In some embodiments, the memory of the decoding device includes a neighborhood reference buffer. In this case, decoding side performs the step S102-A, that is, after the M nodes to be searched of the current node are determined based on the neighborhood search range indicated by the first parameter, the M neighborhood nodes are stored in the neighborhood reference buffer. In this way, the decoding side determines the N neighborhood nodes of the current node based on the nodes included in the neighborhood reference buffer. That is, in the embodiments of the present disclosure, the decoding side stores the M nodes to be searched in the neighborhood reference buffer instead of storing all nodes in the current level in the neighborhood reference buffer, which may reduce the proportion of memory occupied by the neighborhood reference buffer, so that the decoding device may use more memory for other attribute decoding operations, thereby improving the efficiency of attribute decoding of the point cloud.

The manner in which the decoding side stores the M nodes to be searched in the neighborhood reference buffer is not limited in the embodiments of the present disclosure.

In a possible implementation, all nodes in the neighborhood reference buffer are deleted, and the M nodes to be searched are stored in the neighborhood reference buffer. That is, in this implementation, when the decoding side performs attribute prediction on different nodes, before storing the M nodes to be searched of the current node into the neighborhood reference buffer, all buffered nodes in the neighborhood reference buffer are deleted to obtain an idle neighborhood reference buffer, and then stores the M nodes to be searched of the current node in the idle neighborhood reference buffer. In this implementation, the operation at the decoding side is relatively simple, which may reduce the complexity of attribute decoding.

In another possible implementation, nodes in the neighborhood reference buffer that are different from the M nodes to be searched are deleted to obtain a neighborhood reference buffer after the nodes are deleted; and nodes among the M nodes to be searched that are different from nodes in the neighborhood reference buffer are stored in the neighborhood reference buffer after the nodes are deleted.
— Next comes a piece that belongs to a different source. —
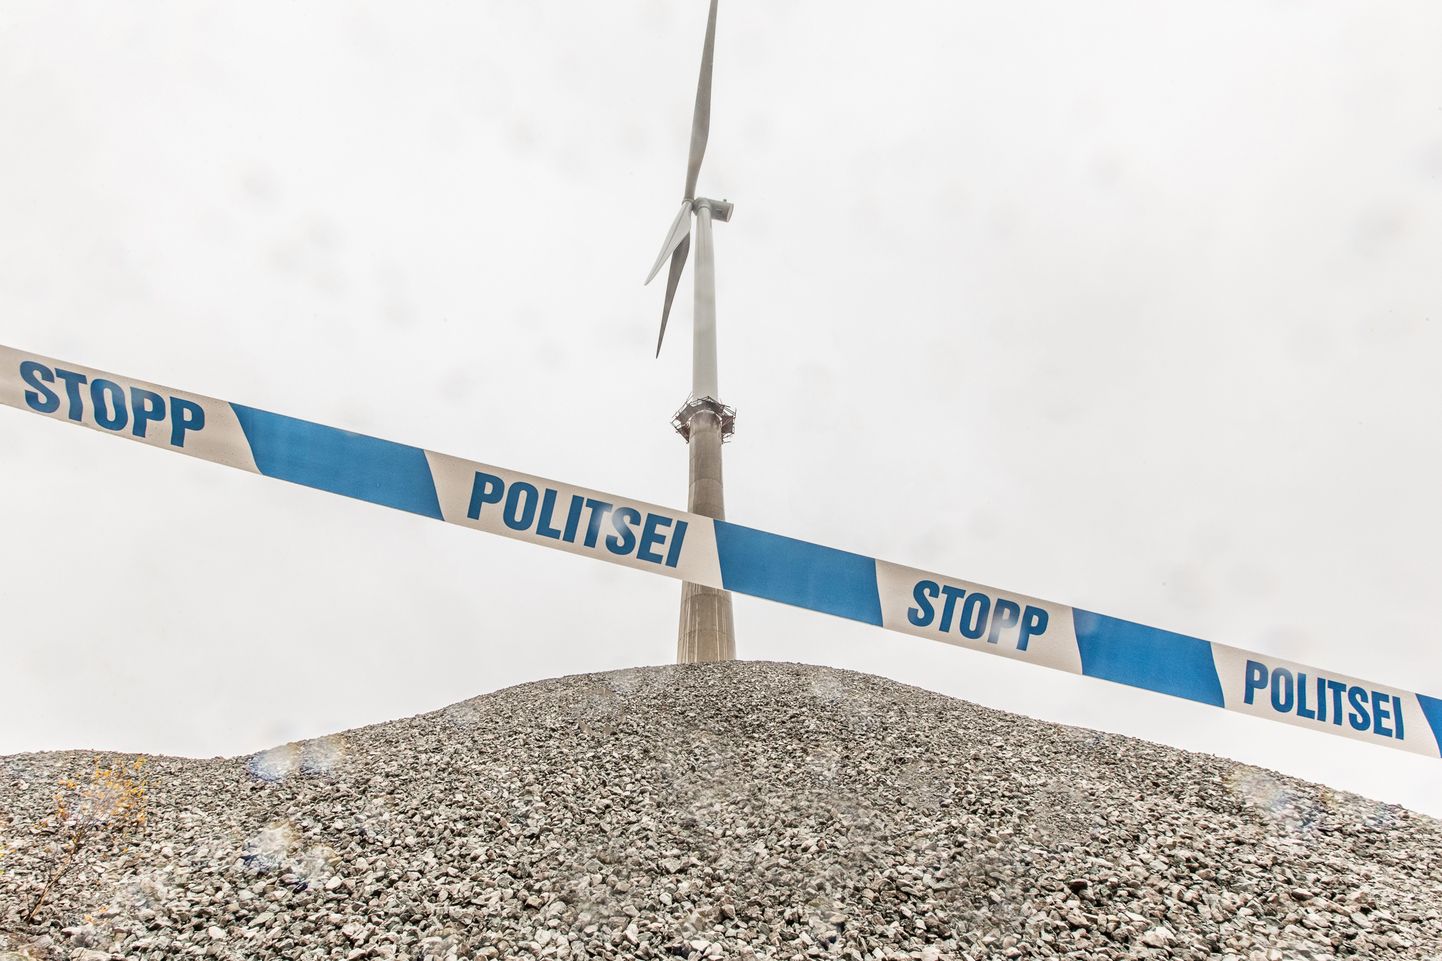 Два недостроенных ветряка по-прежнему ограждены полицейскими ограничительными лентами и работы там остановлены.

That is, in this implementation, the nodes in the current neighborhood reference buffer that are different from the M nodes to be searched of the current node are deleted, and the nodes that are the same as the M nodes to be searched of the current node are retained, and the nodes among the M nodes to be searched that are not included in the current neighborhood reference buffer are stored in the neighborhood reference buffer to reduce the number of node updates.

After the decoding side determines the N neighborhood nodes of the current node based on the above steps, the decoding side performs the following step S103.

In S103, attribute prediction decoding is performed on the current node based on attribute information of the N neighborhood nodes.

The decoding side determines N neighborhood nodes of the current node from the attribute-decoded nodes based on the first parameter, and then performs attribute prediction decoding on the current node based on the attribute information of the N neighborhood nodes.

The manner in which the decoding side performs attribute prediction decoding on the current node based on the attribute information of the N neighborhood nodes is not limited in the embodiments of the present disclosure.

In some embodiments, the decoding side may perform weighting on the attribute information of the N neighborhood nodes to obtain an attribute prediction value of the current node, decode a bitstream to obtain an attribute residual of the current node, and then add the attribute residual and the attribute prediction value to obtain an attribute reconstructed value of the current node.

In some embodiments, the S103 includes the following steps S103-A and S103-B.

In S103-A, attribute prediction values of child nodes of the current node are determined based on the attribute information of the N neighborhood nodes.

In S103-B, attribute reconstructed values of the child nodes of the current node are obtained based on the attribute prediction values of the child nodes of the current node.

In this embodiment, performing attribute prediction decoding on the current node includes performing prediction decoding on the attribute information of the child nodes of the current node. That is, the decoding side performs prediction decoding on the attribute information of the child nodes of the current node based on the attribute information of the N neighborhood nodes of the current node.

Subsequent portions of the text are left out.